[Start of section]

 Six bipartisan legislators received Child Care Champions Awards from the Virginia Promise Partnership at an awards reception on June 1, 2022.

[End of section]
[Start of section]

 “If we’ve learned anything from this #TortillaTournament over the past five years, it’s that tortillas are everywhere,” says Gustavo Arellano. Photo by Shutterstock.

[End of section]
[Start of section]

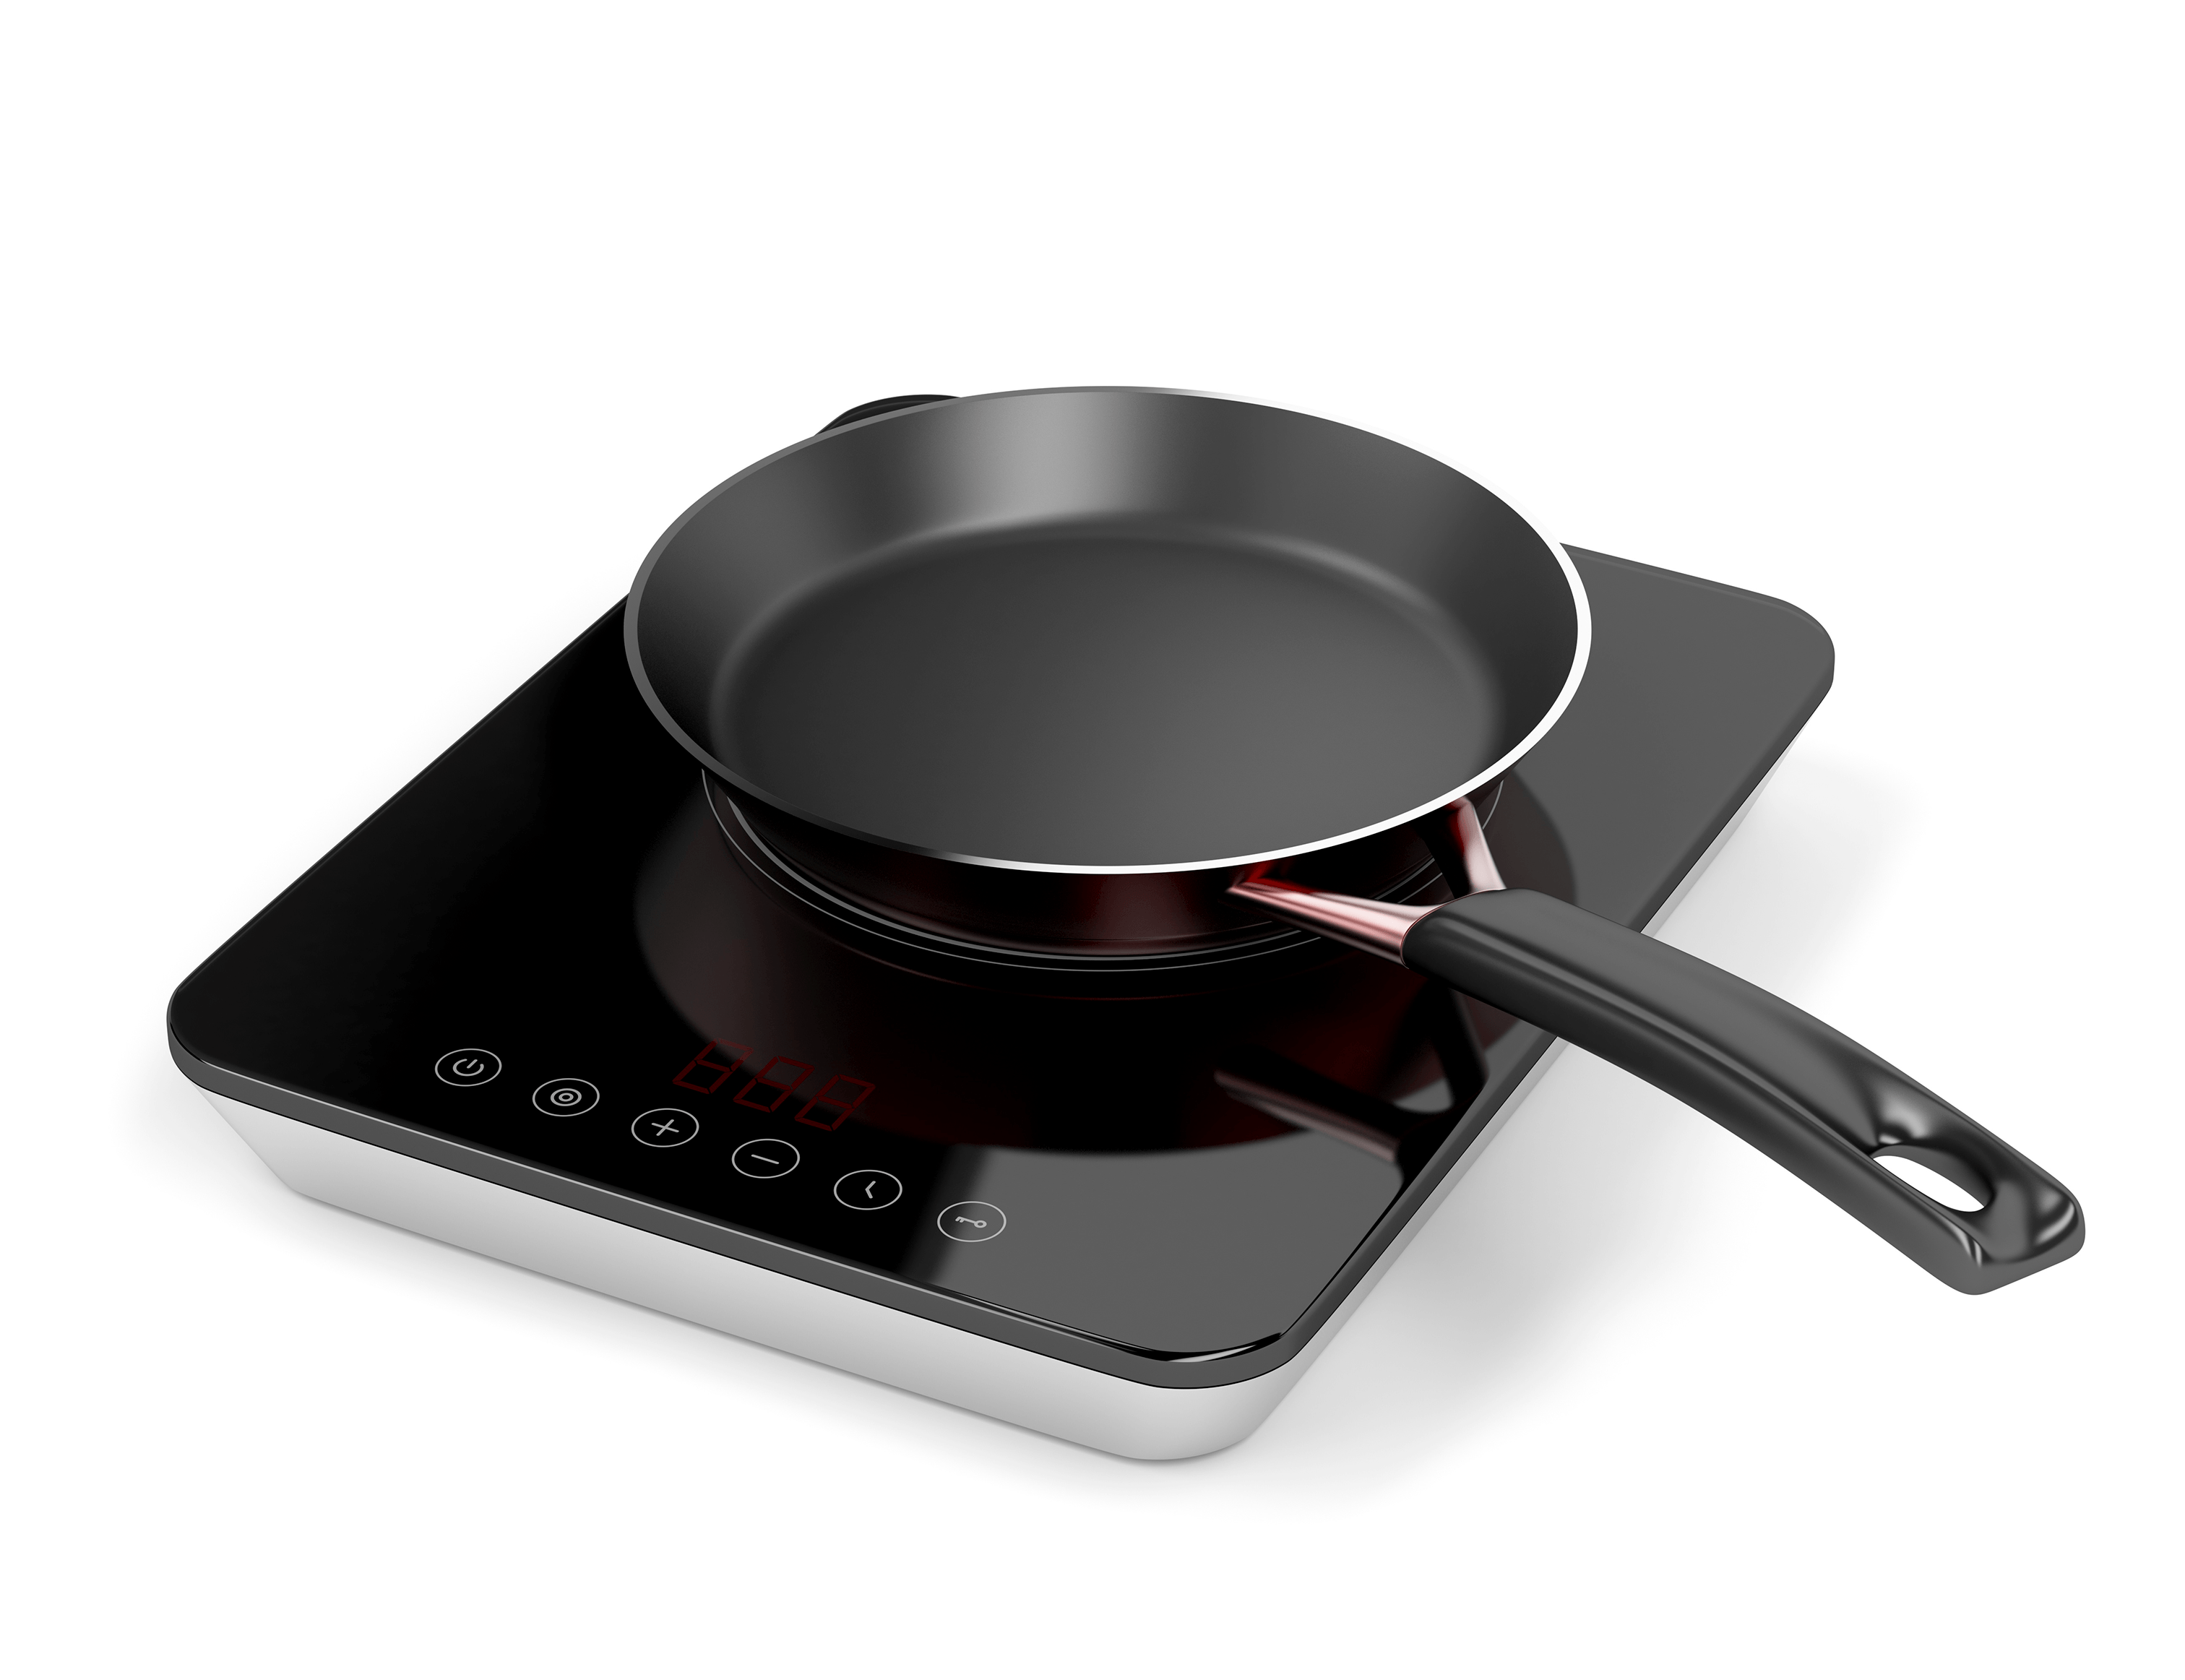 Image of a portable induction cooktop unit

[End of section]

• Work to be completed
Show every line of the material that includes the string "from".

• Task answer
 Six bipartisan legislators received Child Care Champions Awards from the Virginia Promise Partnership at an awards reception on June 1, 2022.
 “If we’ve learned anything from this #TortillaTournament over the past five years, it’s that tortillas are everywhere,” says Gustavo Arellano. Photo by Shutterstock.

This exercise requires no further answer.